Source records
-- Opening Marker --

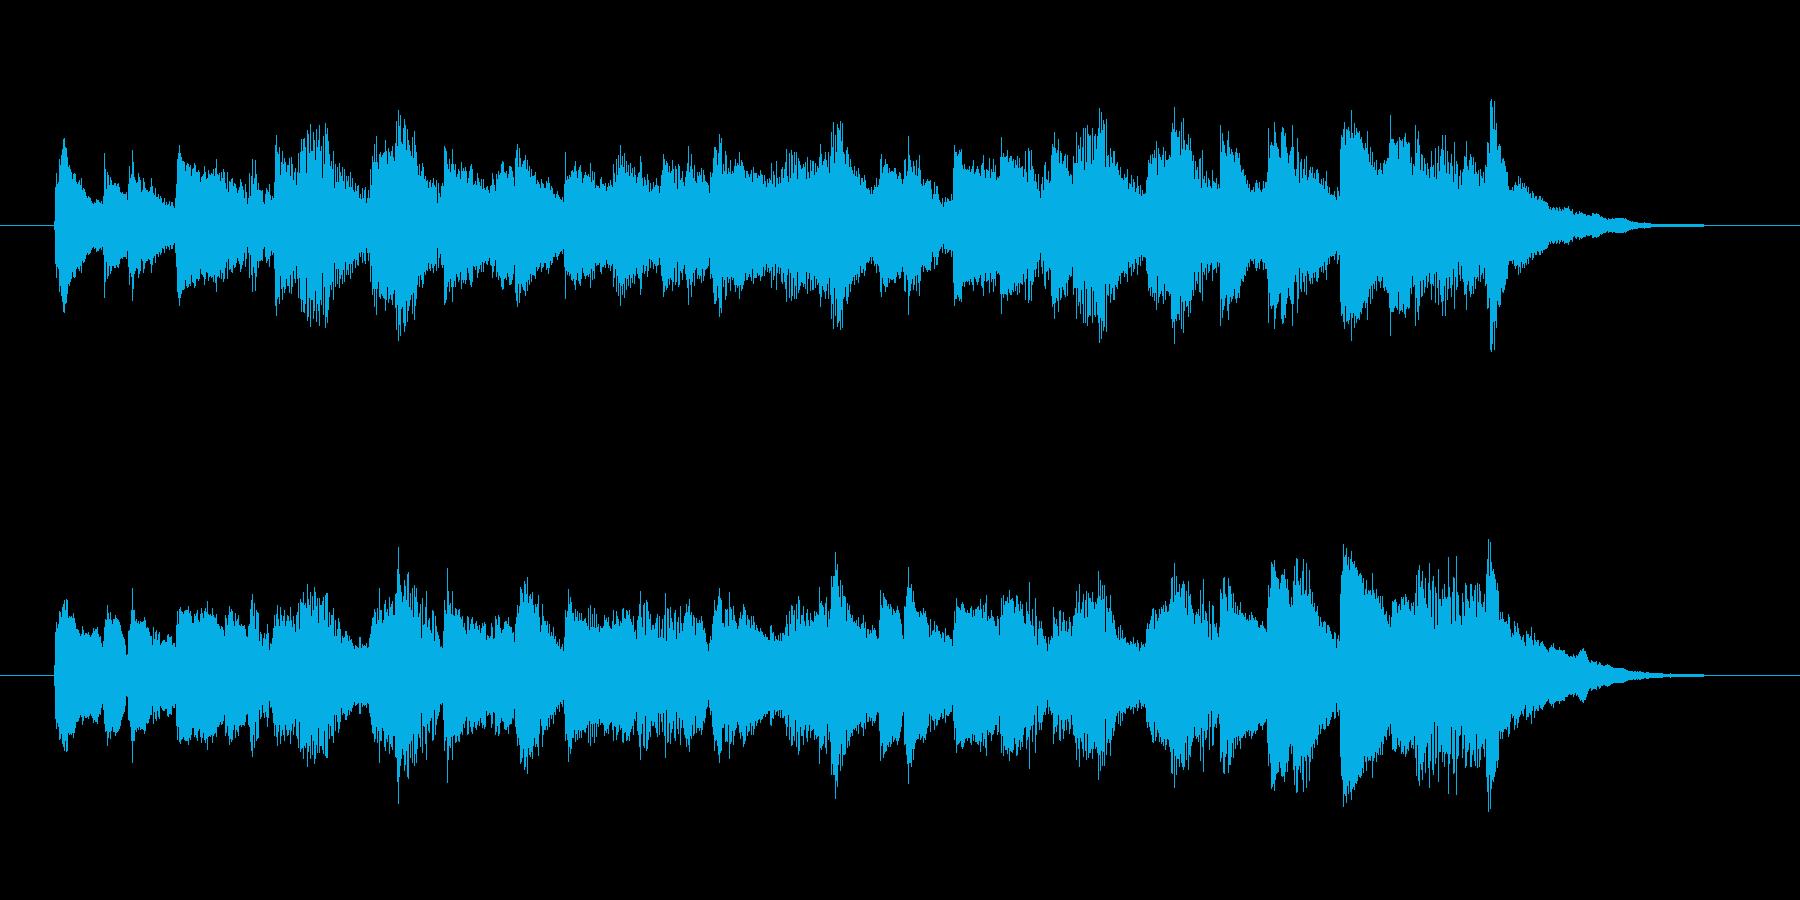 軽やかで爽やかなシンセピアノサウンド短めの再生済みの波形
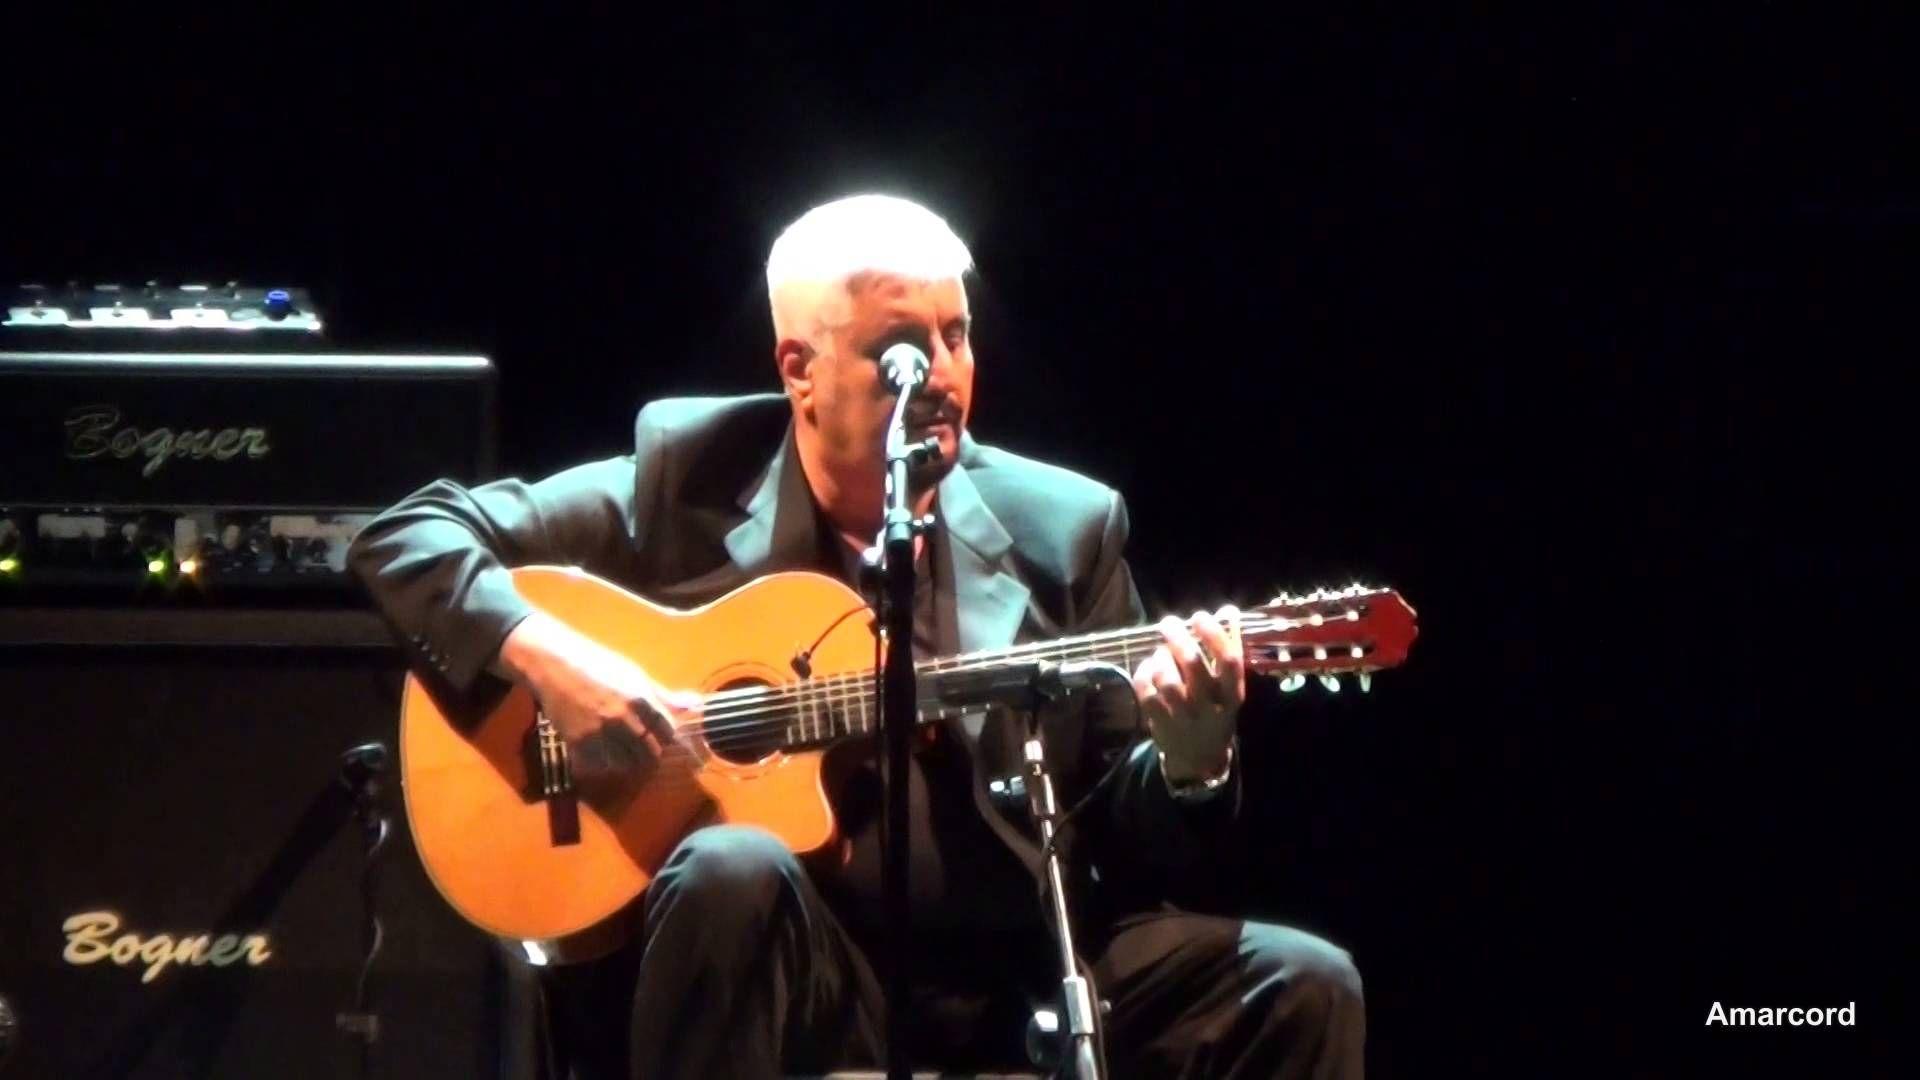 Resta...Resta cu' mmè  - Pino Daniele live Arena di Verona 01.09.2014
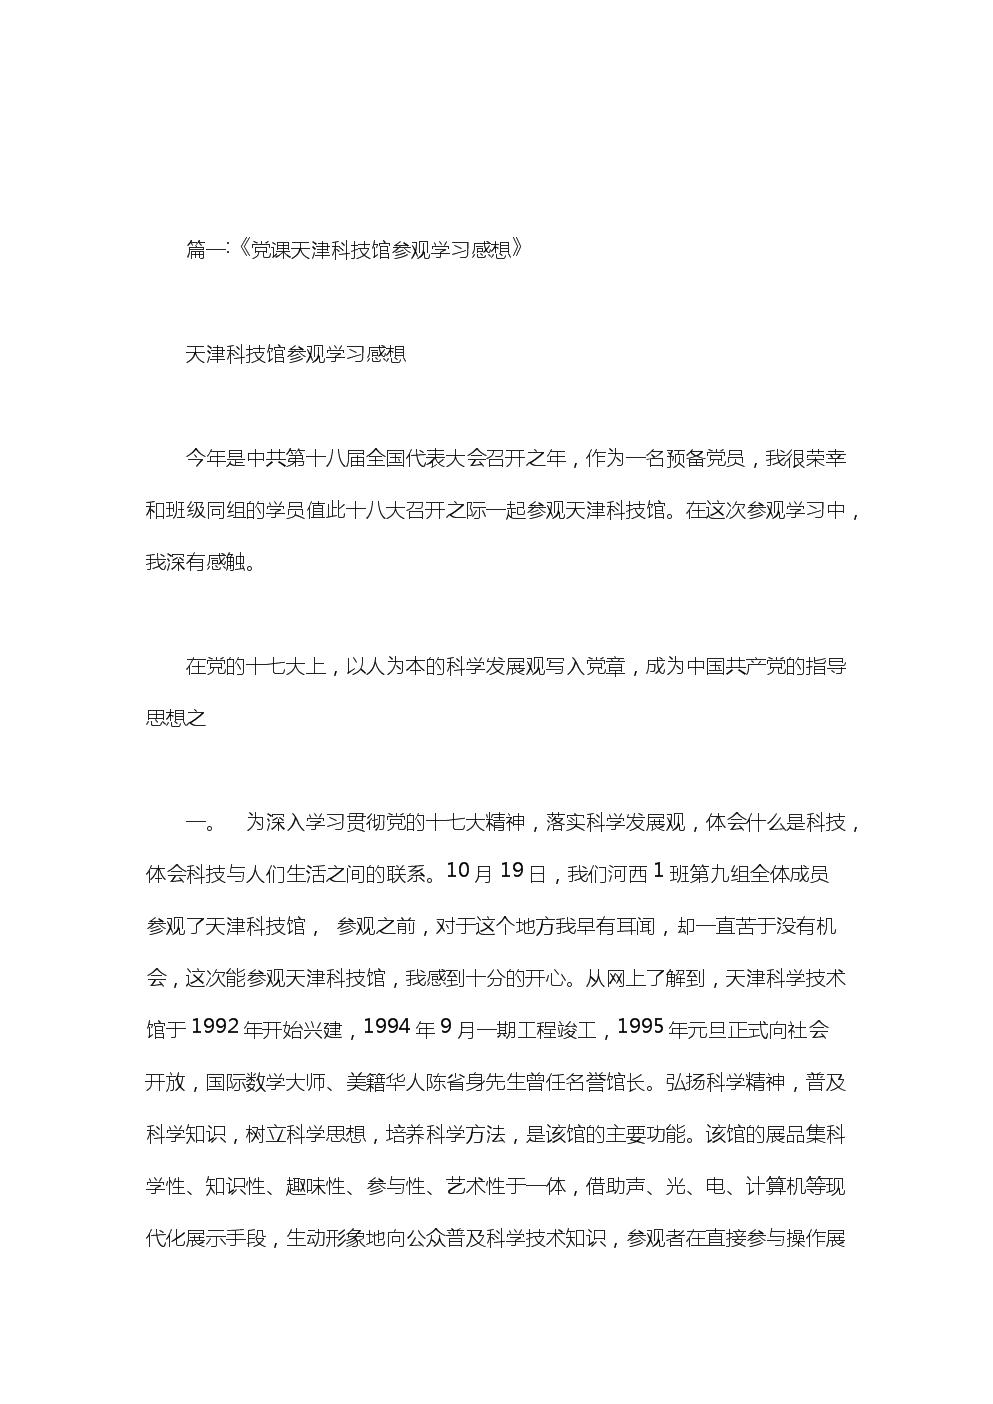 參觀天津科技館收獲范文.doc
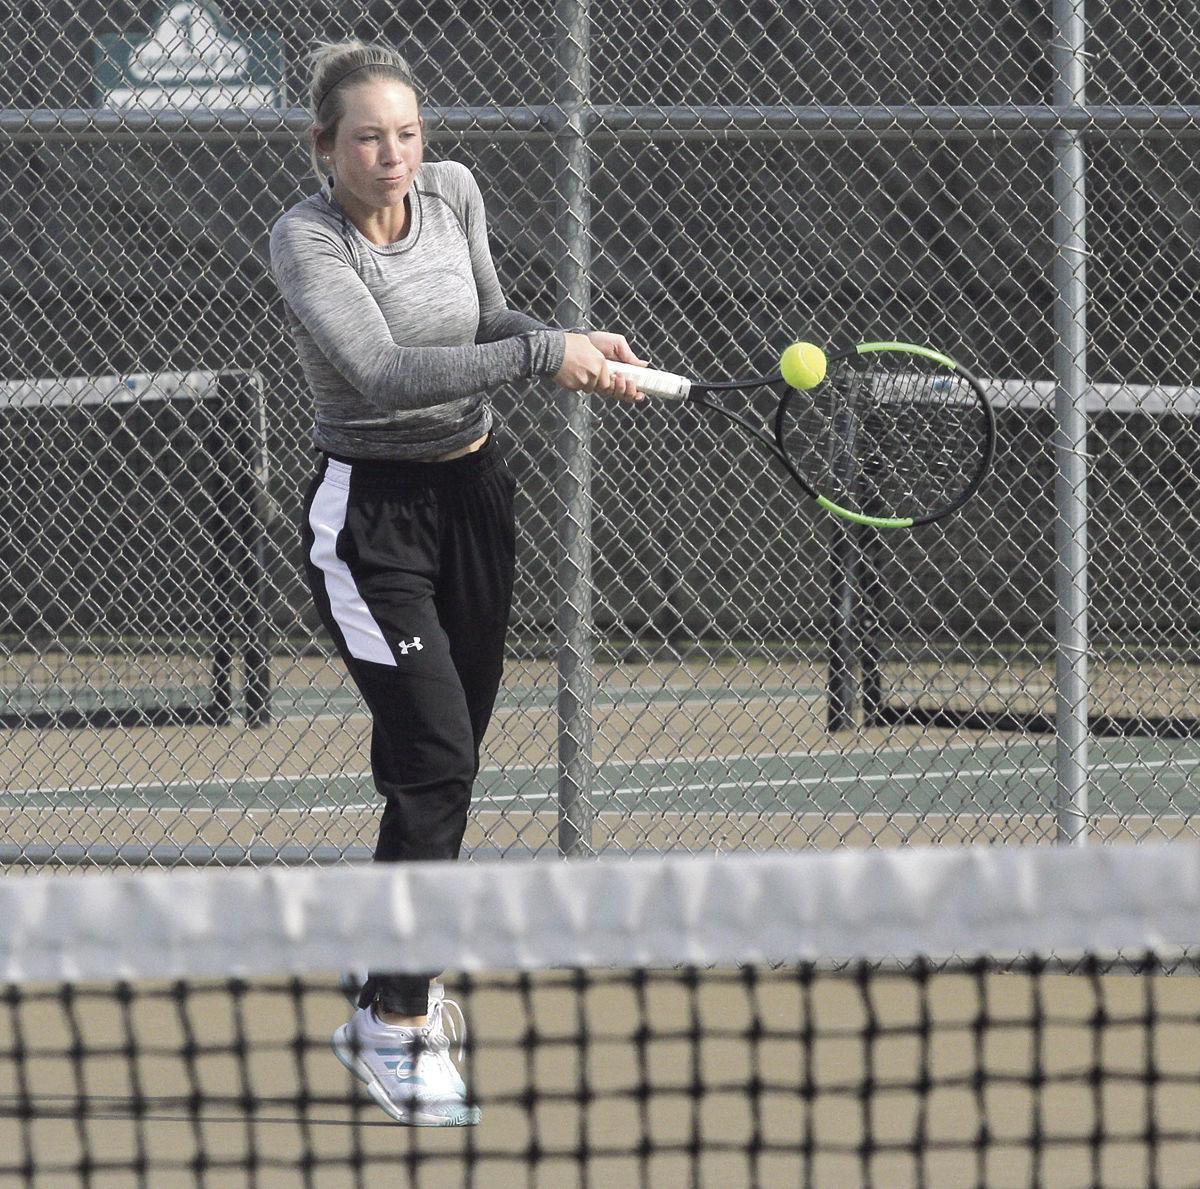 Lakes 8 Tennis Tournament
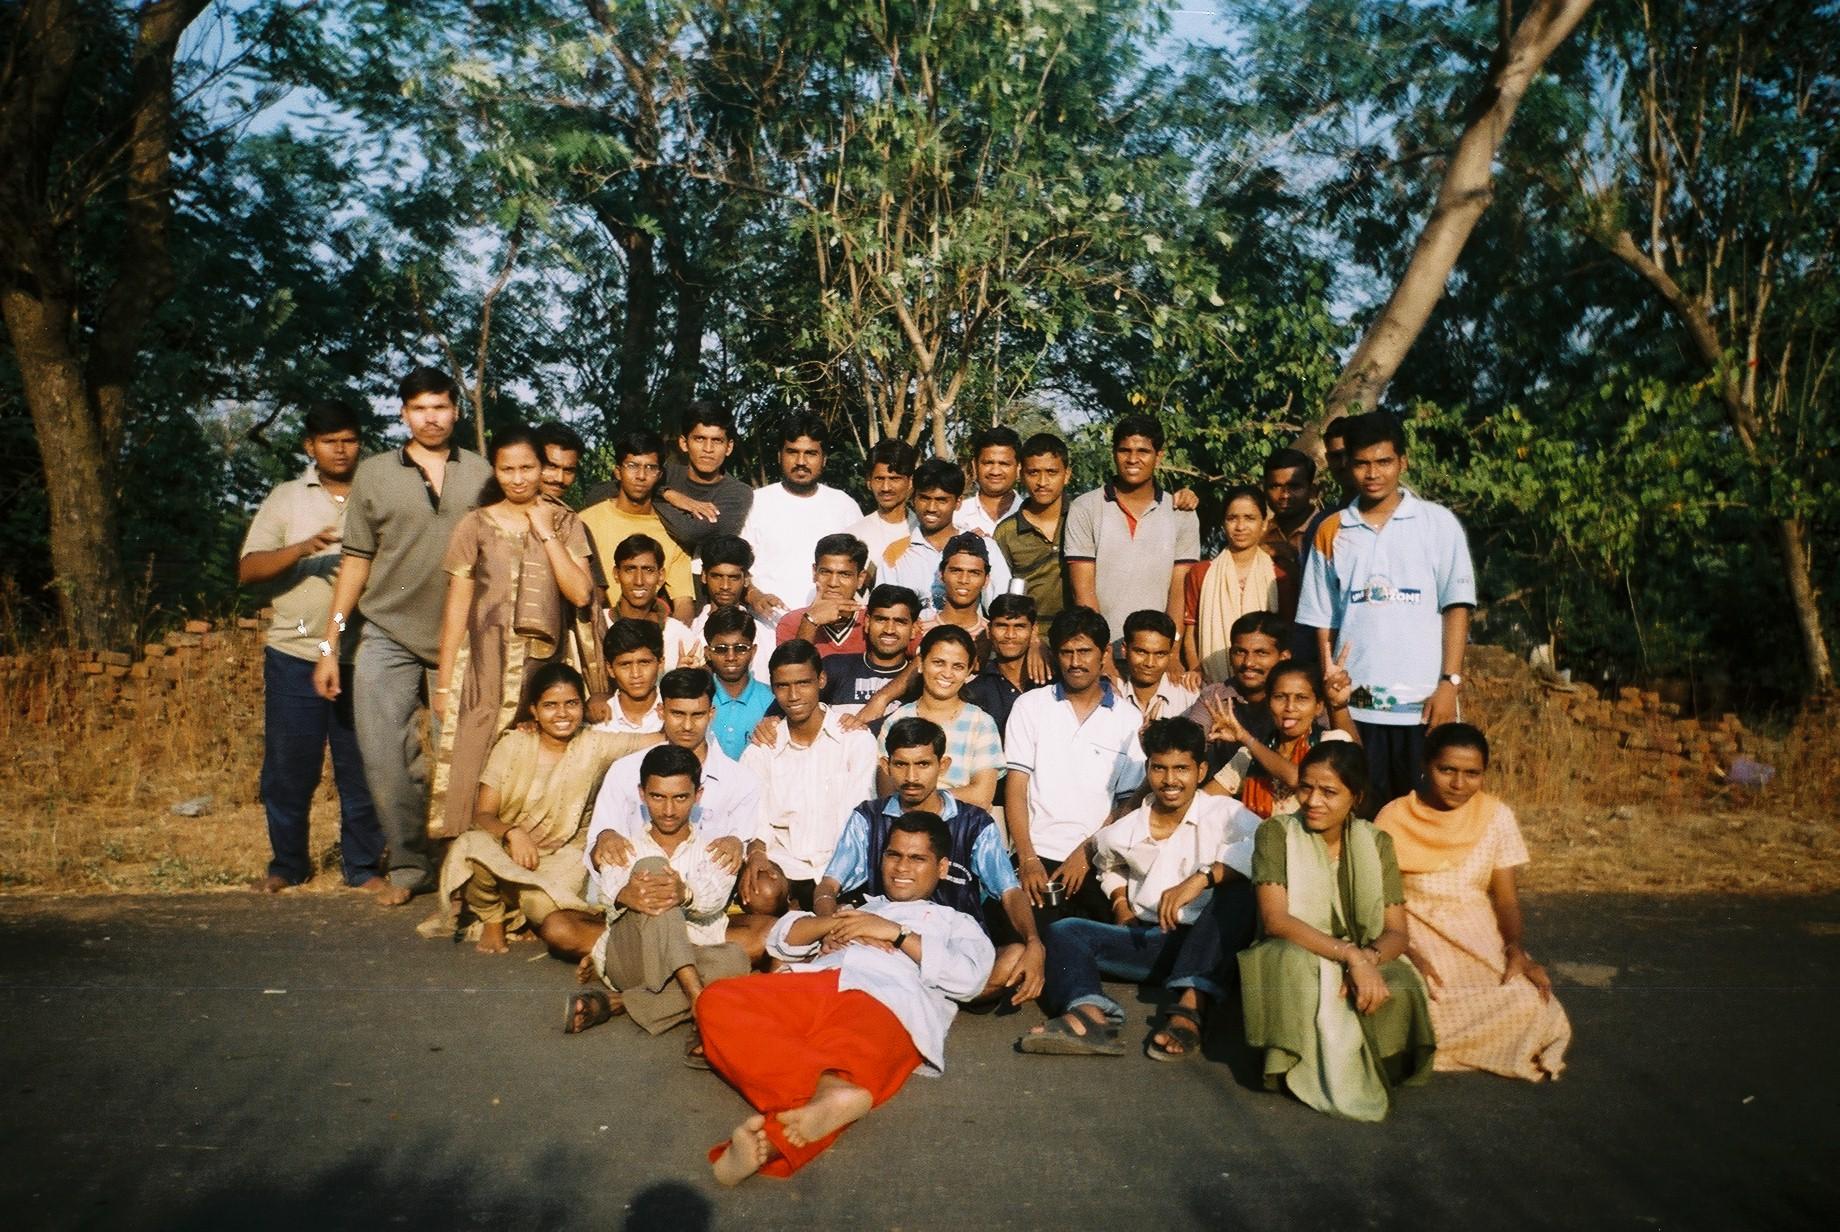 Manjul Bharadwaj and the mesmerized group...

-- Closing Marker --

* Work instructions: Your copy should match the data exactly, apart from the images, which are dropped.

* Expected answer:
 軽やかで爽やかなシンセピアノサウンド短めの再生済みの波形
 Resta...Resta cu' mmè  - Pino Daniele live Arena di Verona 01.09.2014
 參觀天津科技館收獲范文.doc
 Lakes 8 Tennis Tournament
 Manjul Bharadwaj and the mesmerized group...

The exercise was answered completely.